Все дни, сколько я жил в лагере, при виде мертвых ольх мне почему-то становилось неловко и стыдно, хотя я тут был ни при чем.
В ДОЗОРЕ
— Ты, парень, видать, в лесу вырос? — добродушно улыбнулся доктор.
— Ага, — согласно кивнул я.
Страхи мои как рукой сняло...
Запуганные большим конкурсом да россказнями остроязыких городских ребят, мы, поступающие в училище сельские подростки, очень боялись медицинской комиссии. Она была нам в диковинку. Мы понятия не имели, как это ты, голый, идешь от одного доктора к другому, да еще женщине, и тебя осматривают, ощупывают, прослушивают. Больше всего робели мы перед глазным кабинетом. Оттуда многие выходили чуть не в слезах и на вопросы потерянно махали уже бесполезным листком с пометкой: «Не годен».

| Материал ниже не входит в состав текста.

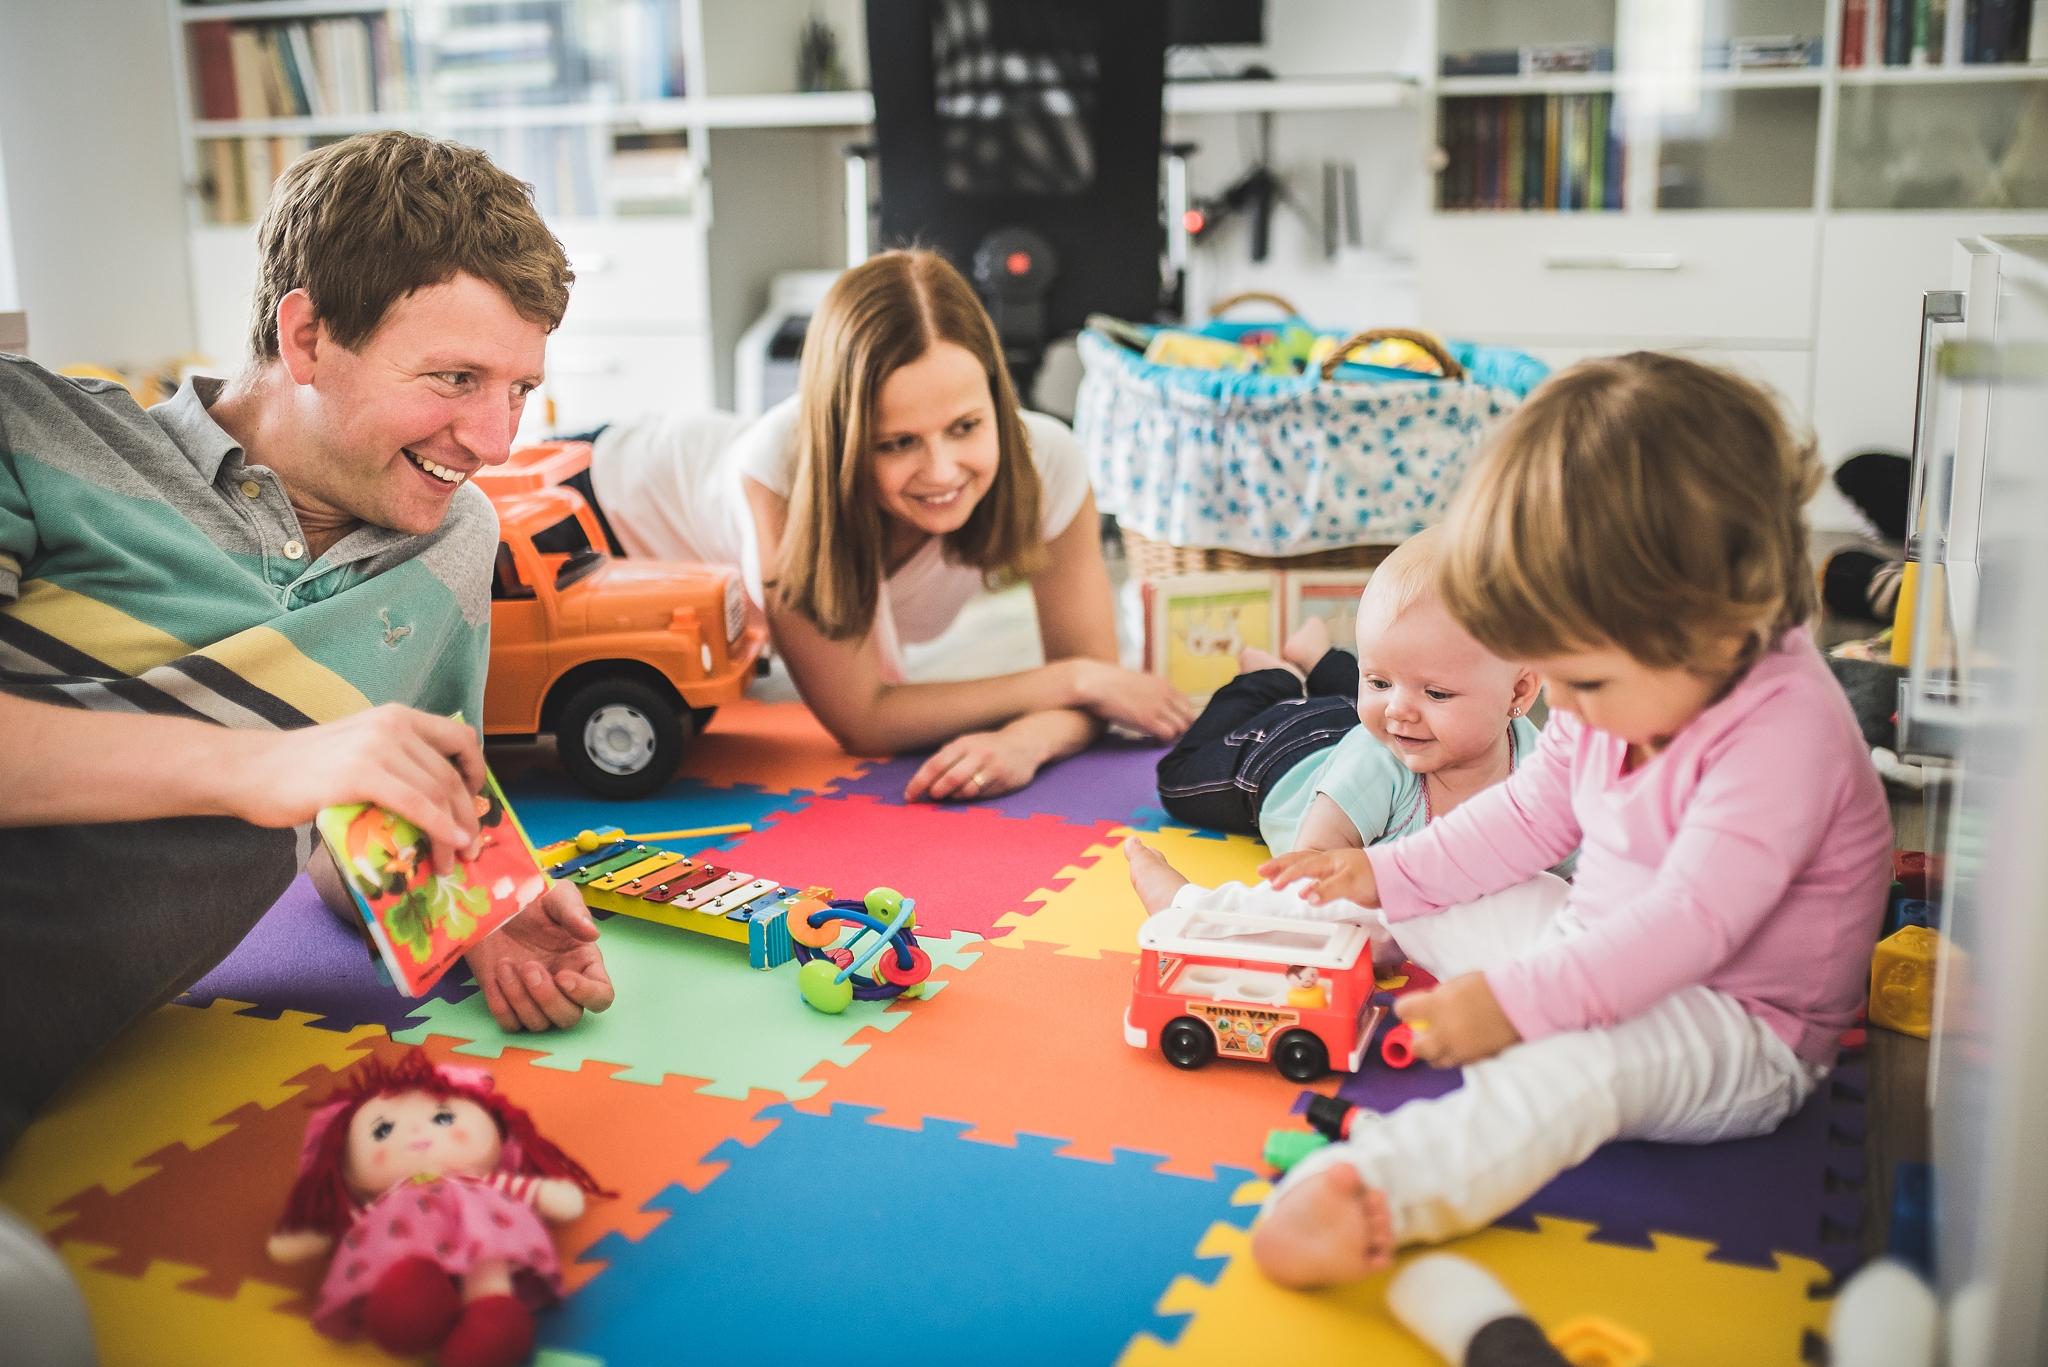 Familienfotografie: Lernen Sie die Grundlagen der Gruppenfotografie

Войдя к глазнику, я ошалело застыл у порога. Доктор кивнул мне на стул, велел закрыть один глаз черной картонкой и ткнул указкой в лист с буквами. Я следил за его быстрой рукой и, боясь отстать от нее, торопливо выкрикивал буквы. И чем точнее отвечал, тем сильнее пугался. А не ловушка ли это. Уж больно хорошо я все видел.
Дойдя до середины листа, доктор чуть замешкался, по-недоброму глянул на меня и передвинул указку к нижнему обрезу. Но и самые мелкие букашки-буковки не расползлись, не замельтешили, а сидели на месте, четкие и ясные.